Adoption Awareness Month

Submitted by Nevada Department of Human Services Division of Child and Family Services | Rural Region

Nevada Division of Child and Family Services Supports Adoption Awareness Month 

Parker is 12. He likes dirt bikes, football and wrestling — “boy things,” he calls them. He also likes ice cream, books and science class (for the fun experiments). And he dreams of growing up with an adoptive family.
To learn more about Parker, visit: https://dcfs.nv.gov/Programs/CWS/Adoption/ChildrenAvailable/ChildrenAvailable/

November is Adoption Awareness Month and the Nevada Division of Child and Family Services says several rural Nevada children need permanent homes. 

The Division has launched a pilot program with Family-Match, a data-driven tool child welfare professionals can use to identify and evaluate prospective adoptive families. With this tool, prospective adoptive families add their profiles and wait for adoption recruiters to reach out to them for potential matches with youth. 

Children who cannot reunify with their birth families and do not have an identified permanent placement will transition to adoption recruitment; as do some teens, siblings, and children with special mental or physical needs, Division adoption recruiter and social worker Ashley Hall, LMSW, said. 

“Everybody needs someone they can rely on,” she said. “These kids have had their trust and bonds broken; that can make it harder for them to connect. But once that connection (with a new family) is made, the rewards are huge.” 

The National Council for Adoption reported that there were 36,411 children awaiting adoption nationally at the end of fiscal year 2023. 

The National Child Welfare Information Gateway reported when fiscal 2022 ended, the average time in care for all adoption awaiting children was nearly three years. 

The Division said Family-Match shortens match time and lowers disruptions, boosting completed adoptions by approximately 25%, according to Family-Match’s research. 

The Division said the financial, social and educational stability children gain when they’re adopted gives them a better shot at a successful childhood, and life. She urged families who want to adopt to do so and to prepare themselves. 

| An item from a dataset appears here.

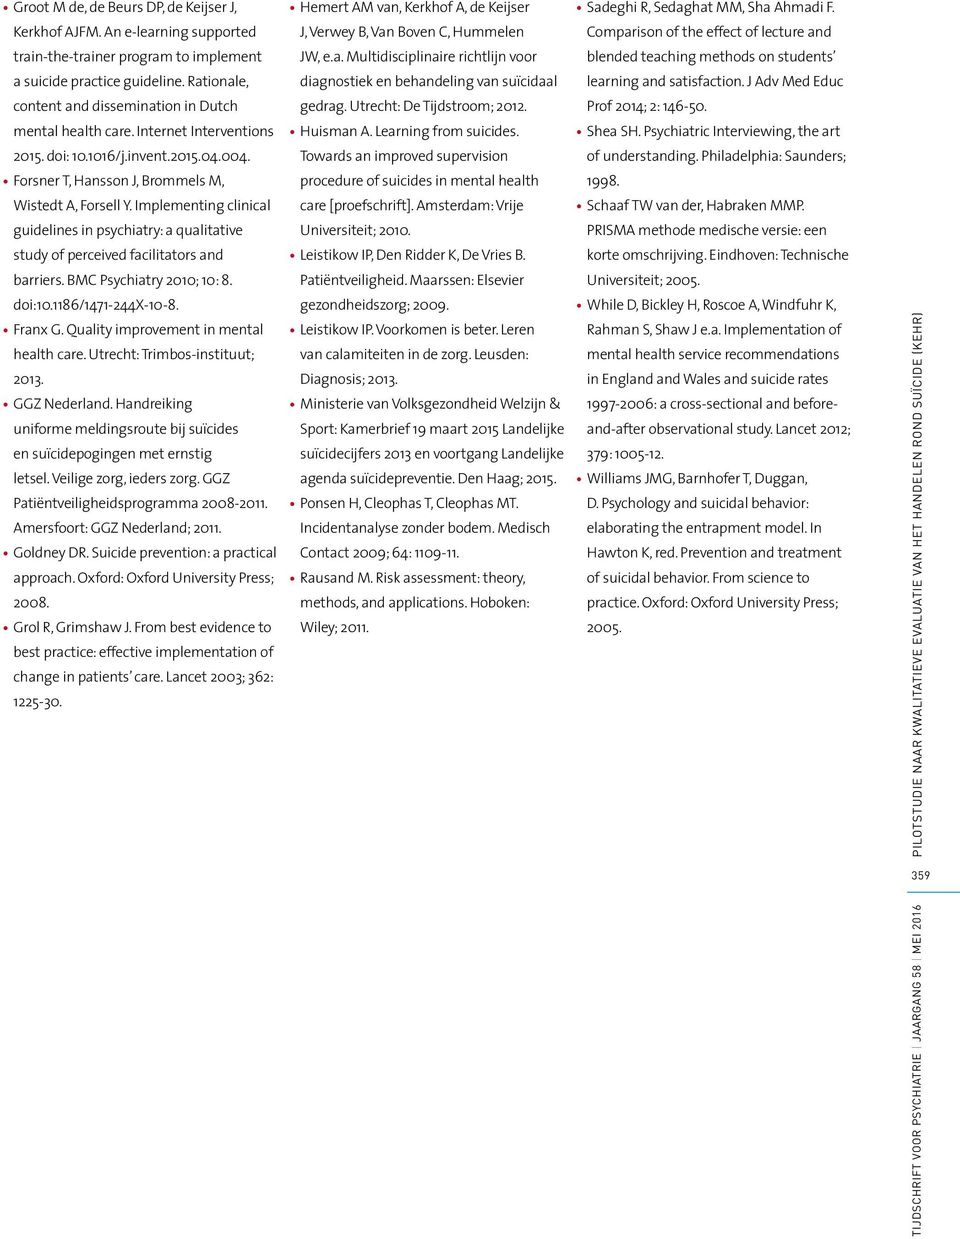 Rationale, diagnostiek en behandeling van suïcidaal learning and satisfaction. J Adv Med Educ content and dissemination in Dutch gedrag. Utrecht: De Tijdstroom; 2012. Prof 2014; 2: 146-50.
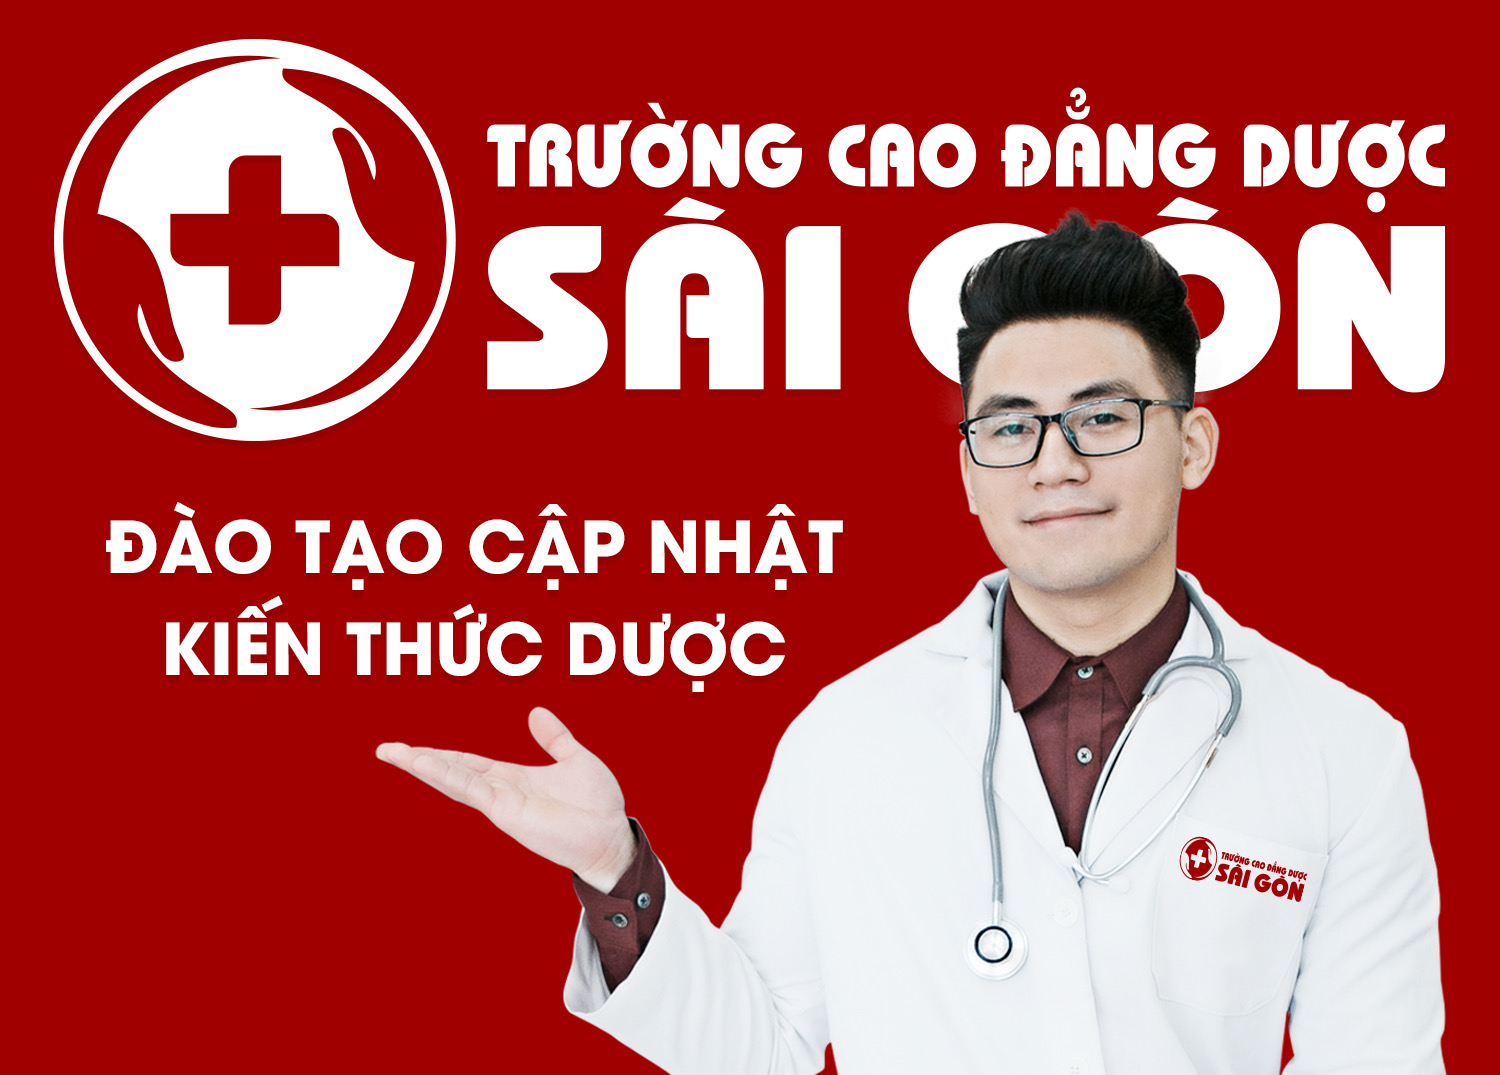 Tuyển sinh lớp cập nhật kiến thức chuyên môn về Dược học Sài Gòn năm 2021

“Consider fostering or mentoring before adoption,” said Hall. “It’s a great way to get experience.” 

The Division has several tools and resources available to match children
and families as well as to support adoptive parents, including: 

· Raise the Future, a nonprofit group designing and applying evidence-based services that reduce young people’s time in foster care without a permanent family.

· The Quality Parenting Initiative, a network that shares information for better parenting, and for recruiting and retaining adoptive and foster families. 

· Just in Time, connects foster parents and other caregivers with training, peer experts and other resources. https://www.jitnevada.org/ 

· The Reel Hope Project, a nonprofit that creates videos of children awaiting adoption. 

· Family-Match, a platform that streamlines family recruitment and child placement. 

Parker also likes a book called “Middle School: The Worst Years of My Life,” and a Disney show about snakes. He imagines a career as a police officer or a semitruck driver and a life with a family. “One day, I’d like to do activities in my family, like laser tag … and riding dirt bikes,” he said.